Alexander McCracken was born in 1856, the son of Robert McCracken. Robert together with his brother emigrated to Australia in 1841. Ten years later they began a brewing business in Melbourne. The brewing business prospered due to the increased industrialization of the brewing methods and also the practice of tying publicans to their brewery.

One of the brothers less successful ventures was the construction of the Railway to Essendon. The financial disaster nearly bankrupted the family.

In his early life Alexander McCracken wanted to be a horse trainer. However his father did not consider that engaging in this trade was was a suitable occupation for his son and insisted that Alexander pursue business interests in the family company and elsewhere. In 1884 Alexander McCracken joined his father's business.

Alexander McCracken was a well known public figure in the Essendon area, either founding or in other ways involving himself with a large number of local clubs and and Societies. I will list only some of these associations here. He was:

  • the founding Secretary of the Essendon Football Club at the age of 17. His father was the Founding President of the Club and his cousin Coiler, the Captain. He later went on to become President of the club.
  • First President of the VFL.
  • Founder Essendon Cricket Club.
  • Founder Essendon Rowing Club.
  • Founder Essendon Tennis Club.
  • Vice President of the Victorian Racing Club.
  • President of Essendon Literary and Debating Society.

In 1884 he married Mary Elizabeth Peck, the daughter of John Murray Peck, another early landowner in Strathmore.

At the insistence of acquaintances and against his better judgment he ran for political office in 1894. He stood for the Essendon Flemington electorate against Alfred Deakin (who was to later become the Second Prime Minister of Australia in 1903). Alexander lost the election.
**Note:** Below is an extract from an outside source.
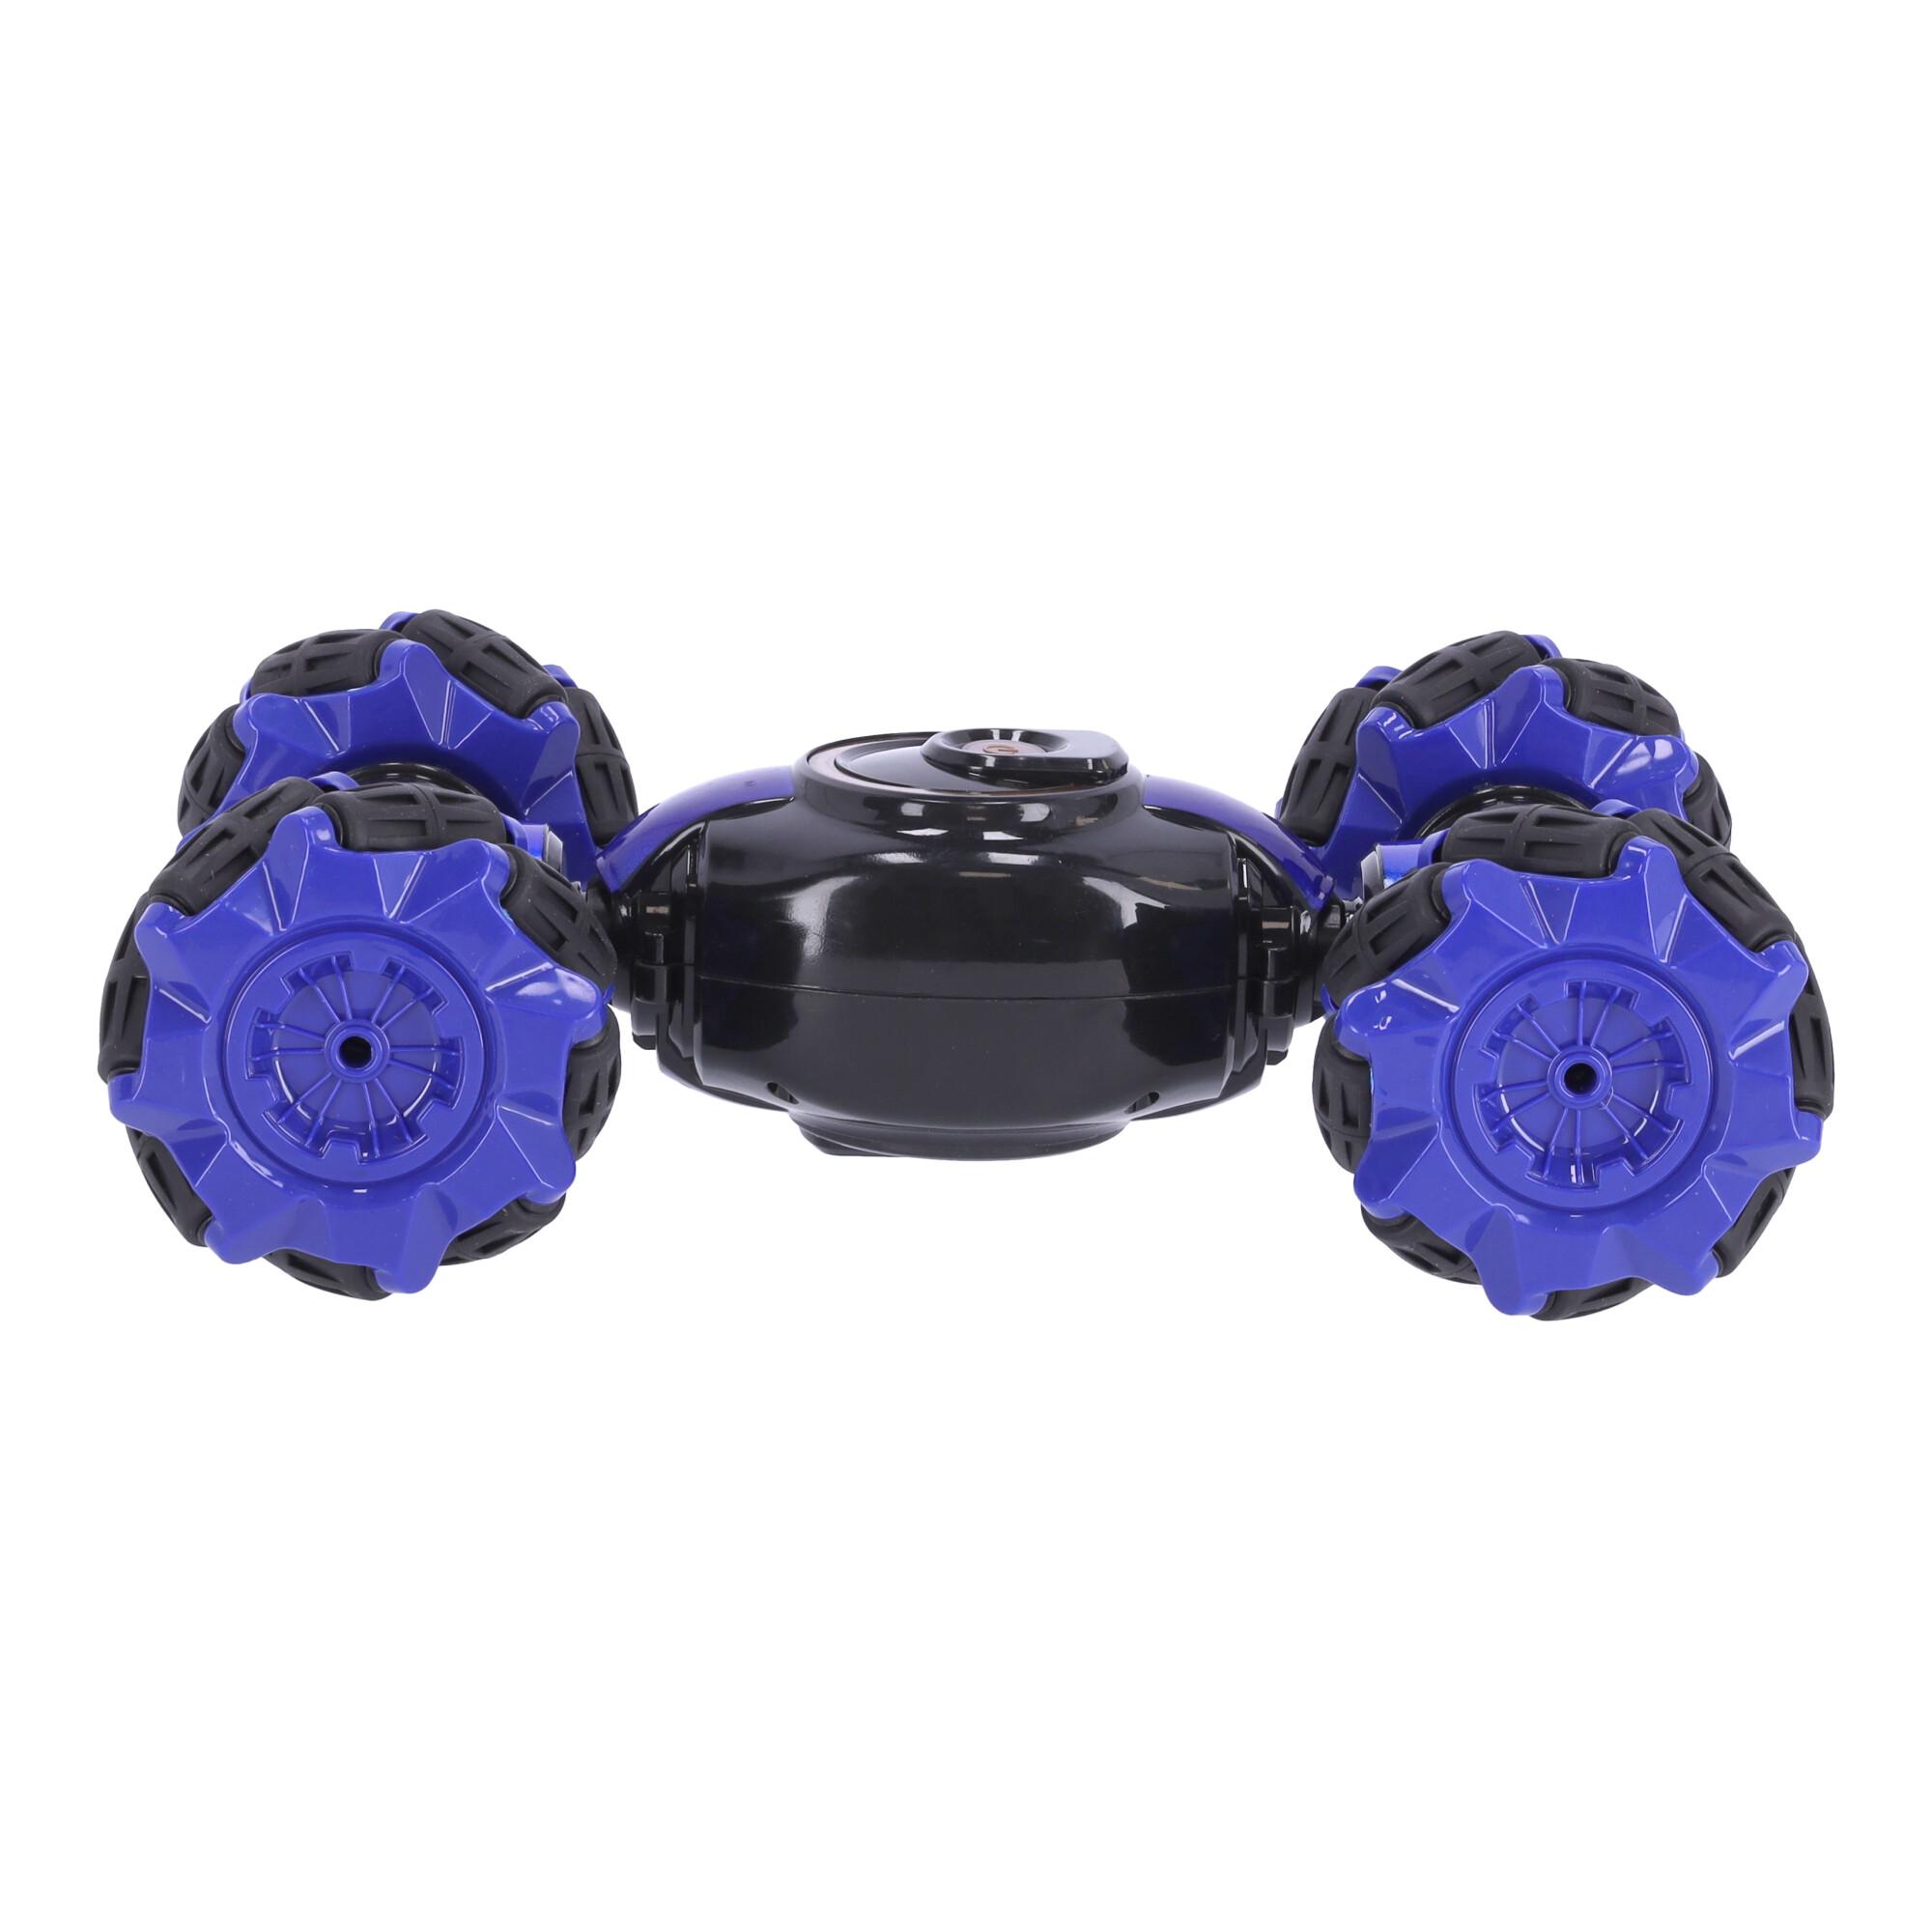 Remote controlled car with gestures, controller, remote control - blue

In 1907 the McCracken brewing business became part of the Carlton and United Breweries.

McCracken was fiercely Presbyterian and did not want his property North Park to fall into the hands of a Catholic Institution on his death. He was so adamant about this that he put a Codicil in his will. On his death the property was sold to Harvey Paterson, an executive of BHP who later sold to the Catholic St. Columban Mission.

Alexander died in 1915 at the age of 59.